# Hydrometer does not float.



## jamesngalveston (Apr 27, 2013)

Im making a 1 gallon batch of blackberry wine..My first try.
I followed a recipe to the letter but i used pure juice instead of 4.5 lbs of bulk berries i used 72 ounces of juice.
Today is the first day after adding the yeast.
My hydrometer will not float in the juice.
It floats in water and in sugar water .


----------



## cmason1957 (Apr 27, 2013)

I am guessing it isn't floating because you just dumped the berries into the juice and now everything is to lumpy. You can try pouring some of your must through cheesecloth. You probably always want to contain the fit in something, like a fermenting bag, pantihose or paint straining bag.


----------



## jamesngalveston (Apr 27, 2013)

I used no berries, just the juice from them, I did not want all the seeds.
I read somewhere that the seeds could make your wine a little acidic.


----------



## ibglowin (Apr 27, 2013)

Do you have enough volume for it to sink and level out or does it sink to the bottom of your one gallon jug of sorts? You may need to use a graduated cylinder to give it more height. Normally that is really only needed for a finished wine as the SG is so low. With a pre fermentation must is should bob up pretty high unless your must is just not mixed quite right (enough sugar).


----------



## jamesngalveston (Apr 27, 2013)

i used 72 ounces of juice, and 2 1/2 lbs of sugar.
recipe called for 4 1/2 lbs of berries and 2 lbs of sugar.
4 1/2 lbs of berries = 72 I hope. 
I increased the sugar, why I have no Idea, just felt good..I quess


----------



## Julie (Apr 27, 2013)

jamesngalveston said:


> i used 72 ounces of juice, and 2 1/2 lbs of sugar.
> recipe called for 4 1/2 lbs of berries and 2 lbs of sugar.
> 4 1/2 lbs of berries = 72 I hope.
> I increased the sugar, why I have no Idea, just felt good..I quess


 

You should never just blindly add sugar, you add the amount you need to bring your must to a specific gravity reading. For blackberry between 1.080 and 1.090.
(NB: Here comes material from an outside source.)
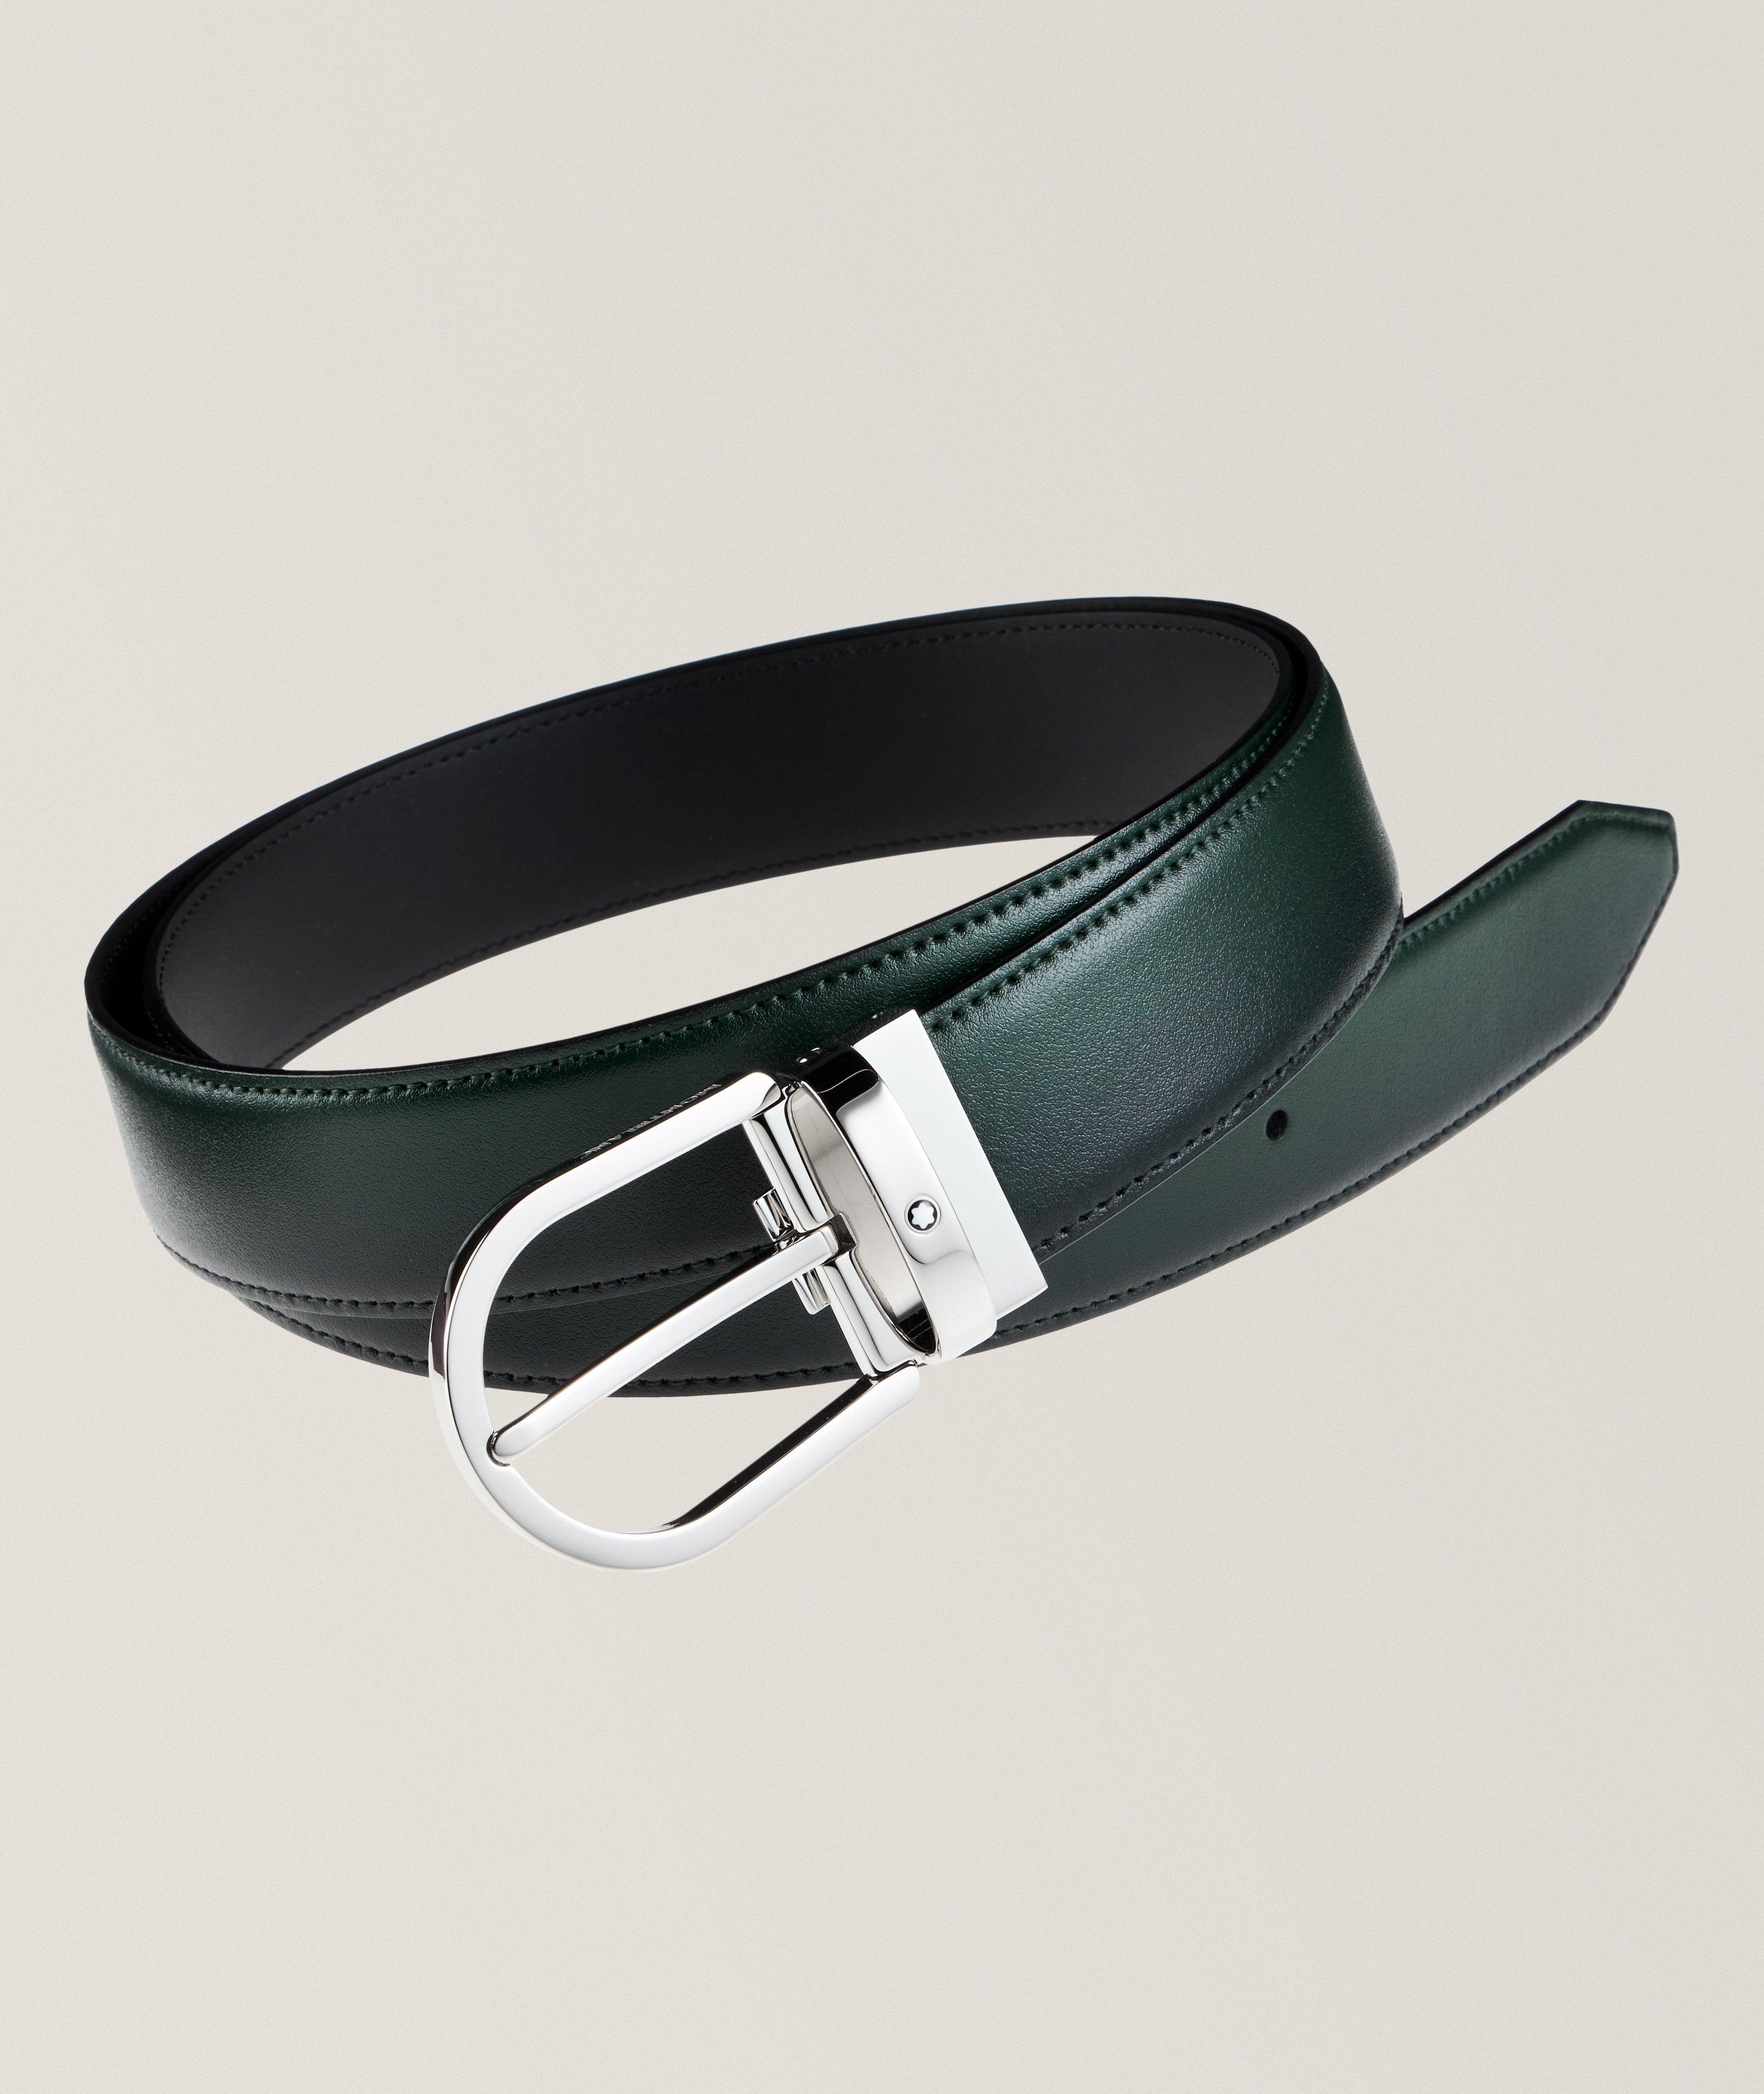 Horseshoe Buckle Leather Belt image 0

I agree with Mike, I think your jug is not deep enough for your hydrometer, get a cylinder that is taller than your hydrometer.


----------



## jamesngalveston (Apr 27, 2013)

ok, Like i said this is all new to me..
Thanks for the response, I appreciate it.

When I was growing up, my relatives all made muscadine wine from wild muscadines, I tried this blackberry wine, in hopes of making some out of 
muscadines when they get ripe, which i have about 5 acres of.


----------



## Julie (Apr 27, 2013)

jamesngalveston said:


> ok, Like i said this is all new to me..
> Thanks for the response, I appreciate it.
> 
> When I was growing up, my relatives all made muscadine wine from wild muscadines, I tried this blackberry wine, in hopes of making some out of
> muscadines when they get ripe, which i have about 5 acres of.


 
keep asking, there are a lot on here who will help you out and Dear Lord, 5 acres of muscadine??????? You lucky dog, there are a handful on here who are probably going to start to drool when they read that!!


----------



## jamesngalveston (Apr 27, 2013)

well any one close to Houston can come pick all they want for free.
should be ripe around august.


----------



## Duster (Apr 28, 2013)

jamesngalveston said:


> well any one close to Houston can come pick all they want for free.
> should be ripe around august.



A comment like that on this site will likely leave your vineyard bare and you with none. 
With that said I wish I was closer, I'd be camping on the property just waiting for them to ripen.


----------



## jamesngalveston (Apr 28, 2013)

i have 32 peacocks, might not be 5 acres of fruit...they love them.


----------